Perhaps it's a fitting microcosm of a season that began with Super Bowl talk and appears poised to finish with a lengthy list of vexing questions. And fair or not, as more and more of Pace's recent high draft picks flame out, Smith becoming who the Bears thought he'd be when they drafted him is vital.

Is it a lot of pressure on Smith, who had rarely resembled his rookie form since whatever personal matters led to his Week 4 deactivation? No doubt.

But that's the type of prospect Smith was entering the NFL - a no-doubter. The reigning Butkus Award winner and prototype for today's changing game, he was drafted to be the latest in a long line of line-backing legends for a franchise whose history at the position is as rich as any.

And with all due respect to Trevathan and Nick Kwiatkoski, drafting Smith was supposed to increase Pace's leverage as the two veterans reach the open market this offseason, not limit it. Especially with investing in a quarterback now possibly back atop Pace's offseason to-do list.
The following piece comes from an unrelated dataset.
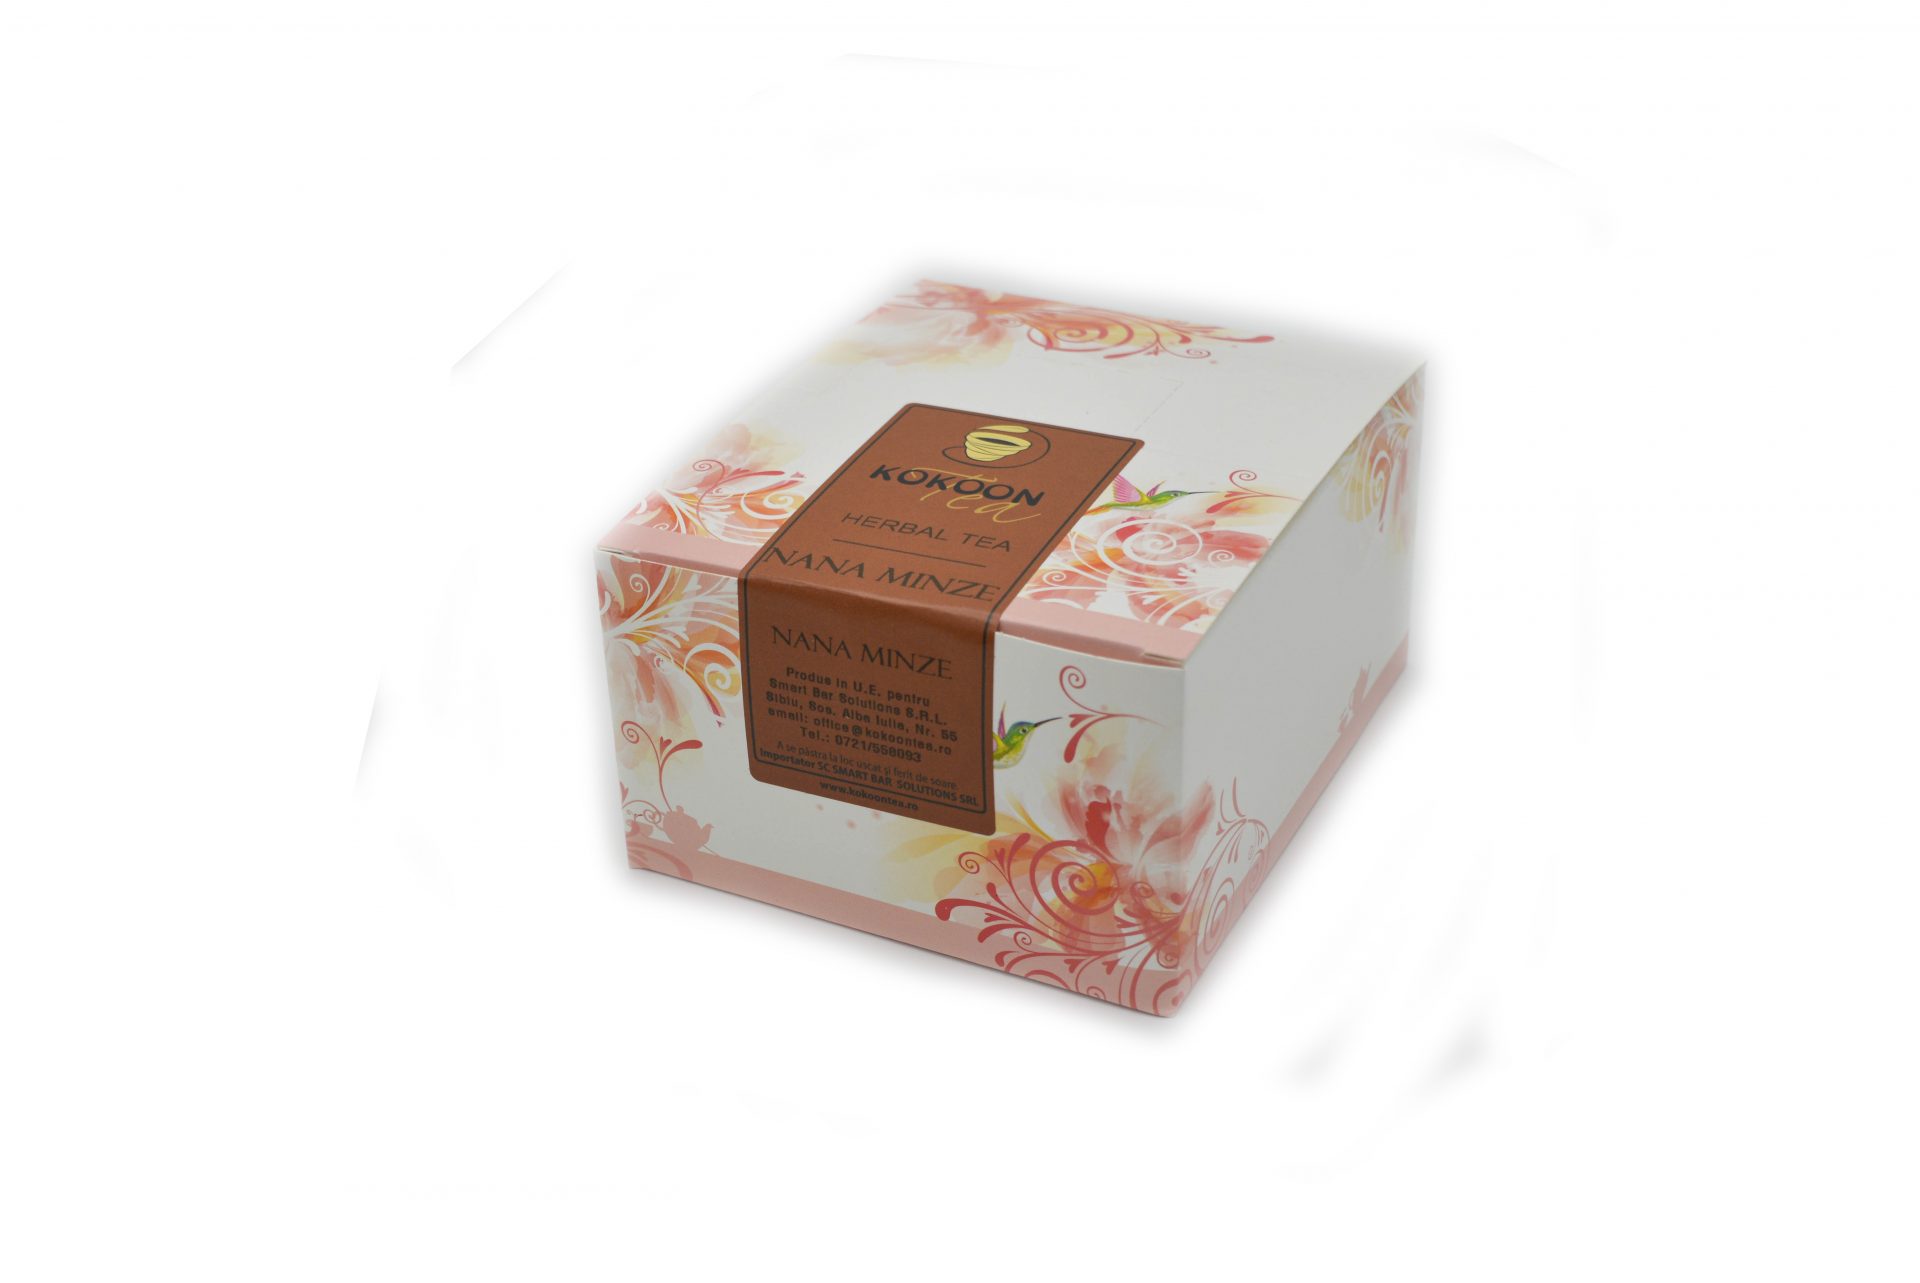 Ceai plic - Kokoon Tea Nana Minze 20pl/cut, smartbarsolutions.ro
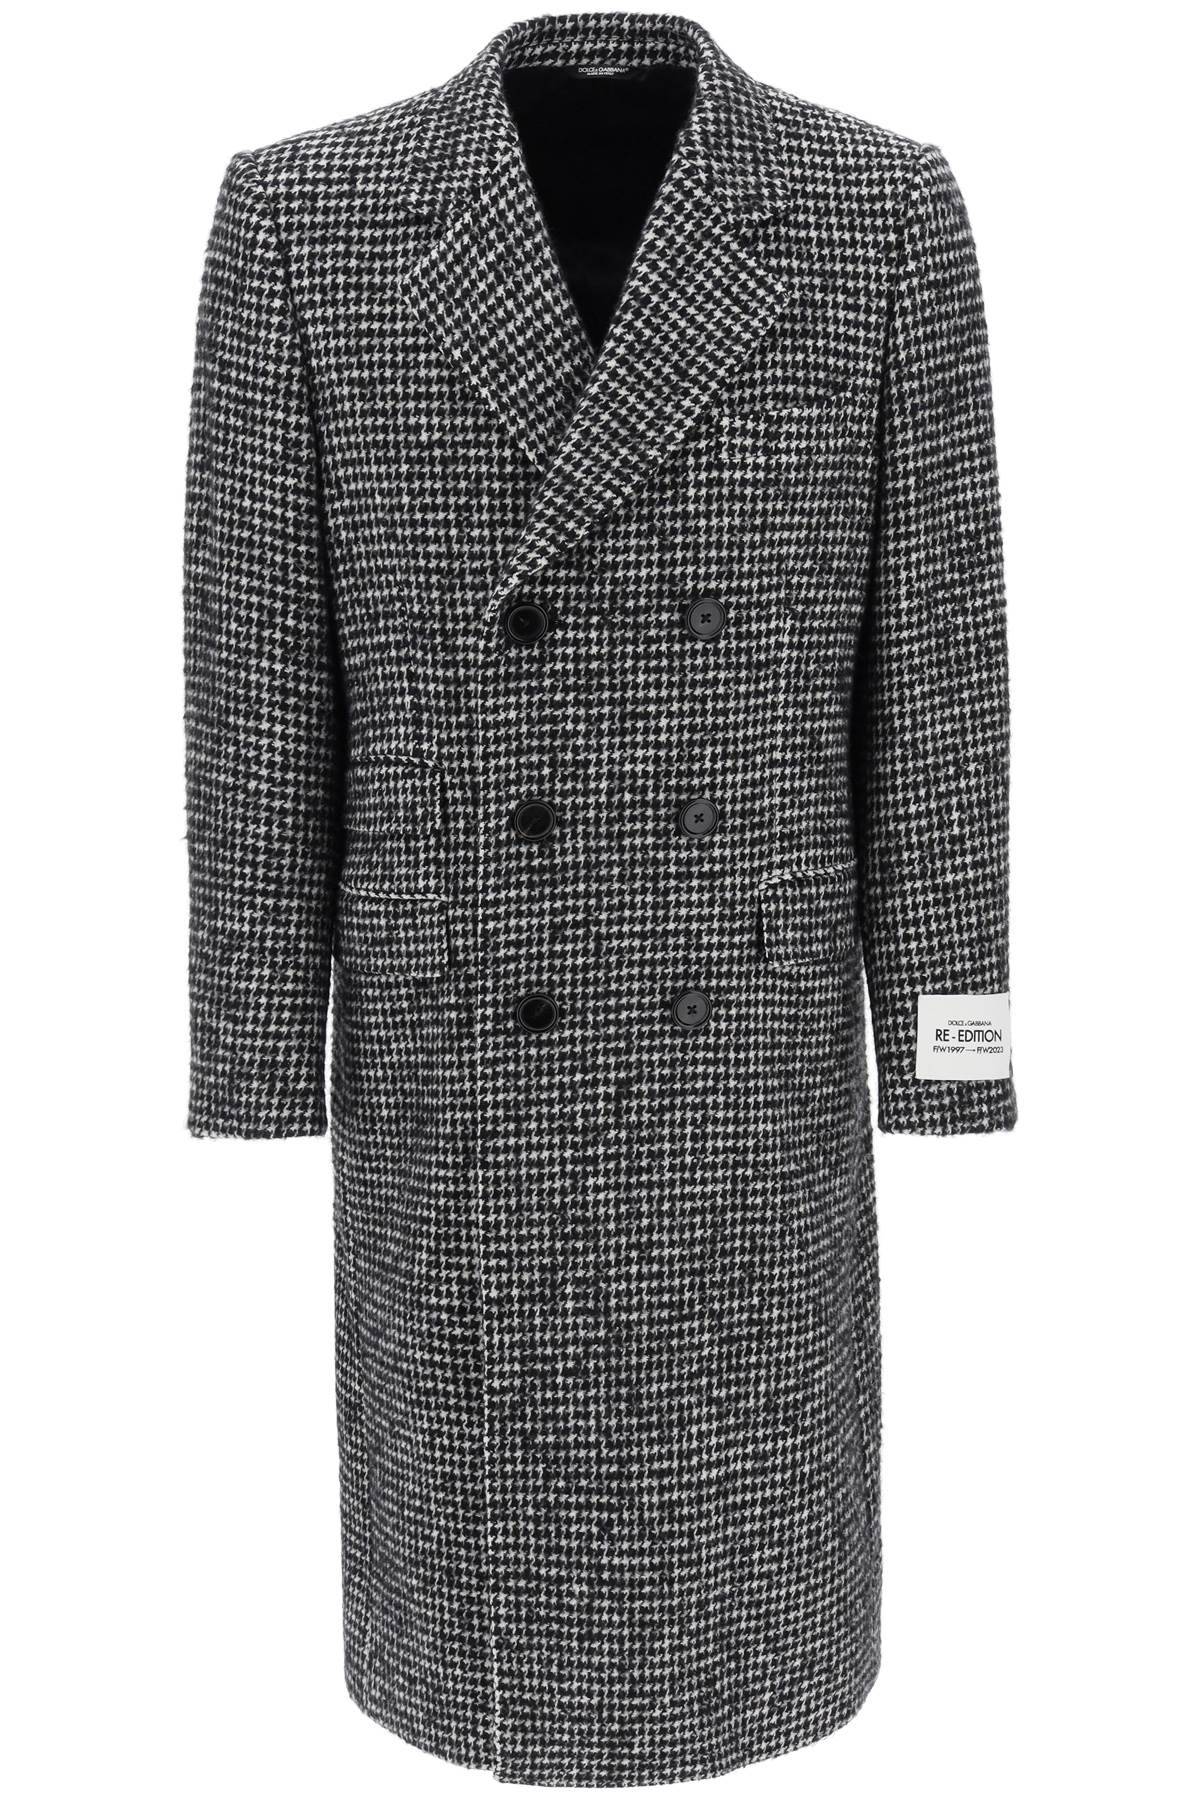 Dolce & Gabbana DOLCE & GABBANA re-edition coat in houndstooth wool

Smith's Year 2 regression prior to Sunday night in Los Angeles - even in a Bears season defined by steps backward - was both stunning but also as complicated as any to explain.

Which is why with Trubisky looking as lost as ever, and Nagy's Bears apparently looking at cutting their losses with Pace's subsequent selection in 2017, second-round TE Adam Shaheen, the spotlight shifts naturally onto guys like Smith, James Daniels, Anthony Miller and Bilal Nichols. You could also throw in Eddie Jackson and Tarik Cohen who ironically also both appeared to break out of their own slumps Sunday in the same game their draft mate Trubisky struggled, and Shaheen was literally left behind.

It has to be about looking ahead to 2020 and beyond now.

With six games to play the Bears will have to determine once and for all if Trubisky is salvageable and they can't make their next QB move until this spring anyway, but they can help determine which of these other young players still appear to form part of the team's foundation.

Smith, in particular, still has much work to do before he can get back on the fast track to becoming the team's defensive stalwart, but Sunday was an encouraging start.